Under the name 'Bert', Brecht teamed up with director Fritz Lang to craft this cunning and ultimately suspenseful tale that borders more than consciously on propaganda, but for all the right reasons considering the period. It wasn't a period piece but something urgent of the time and place- not to mention a stark battle cry from Lang, who fled Germany in 1934 following a calling from Goebbels to become the propaganda filmmaker of the 30s- and it stands still as one of those under-seen pieces where loyalties and betrayals and double-crosses and vendettas are all abound, and the truth is something tricky and twisty on either side.

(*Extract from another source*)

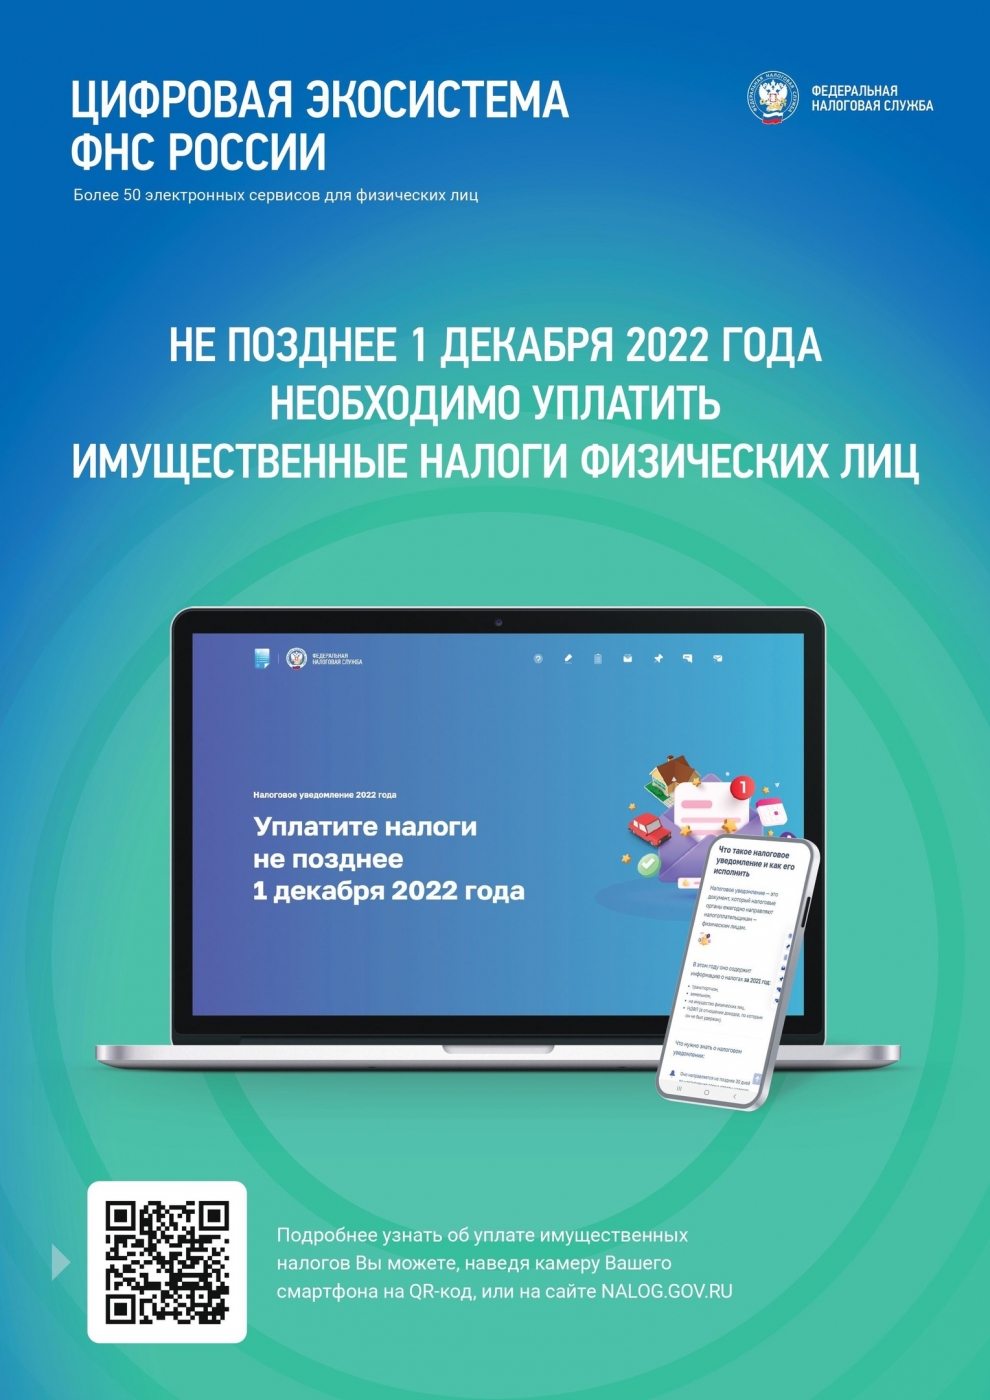 Межрайонная ИФНС России № 11 по ХМАО–Югре напоминает, что срок уплаты имущественных налогов за 2021 год истекает 1 декабря.

The main plot concerns the dramatized story of Reinhard Heydrich, the "hangman", who is then put on by the Nazis as a figure of the past to haunt the Czech people: the assassin MUST be found. The assassin is Dr. Franticek Svoboda, aka Karel Vanek, who may also have another alias, and is well played by Donelvy, who hides with a Czech professor (Brennan) via a chance meeting weeks before with Nasha (Anna). Once he escapes following a curfew that night, many people are rounded up- hundreds- to be executed by the Nazis if the assassin isn't taken in. Anna's family is questioned, her father on the list of those to soon be killed, but what of Svoboda (and the resistance, or the cruel Nazis at the gestapo for that matter)? I
t's a typical Langian procedural in the very tense and exacting sense, and it's a lot of tense fun and there's always a sense of danger with how the characters cross one another in one scene to the next (I loved when Vanek comes back to Anna after the first night, she's mad at him, but this is right after she's been questioned by cruel Gruber, performed by Granach as half caricature and half power-hungry monster, and there is a wire to her apartment, only to have him feed her lines through index cards).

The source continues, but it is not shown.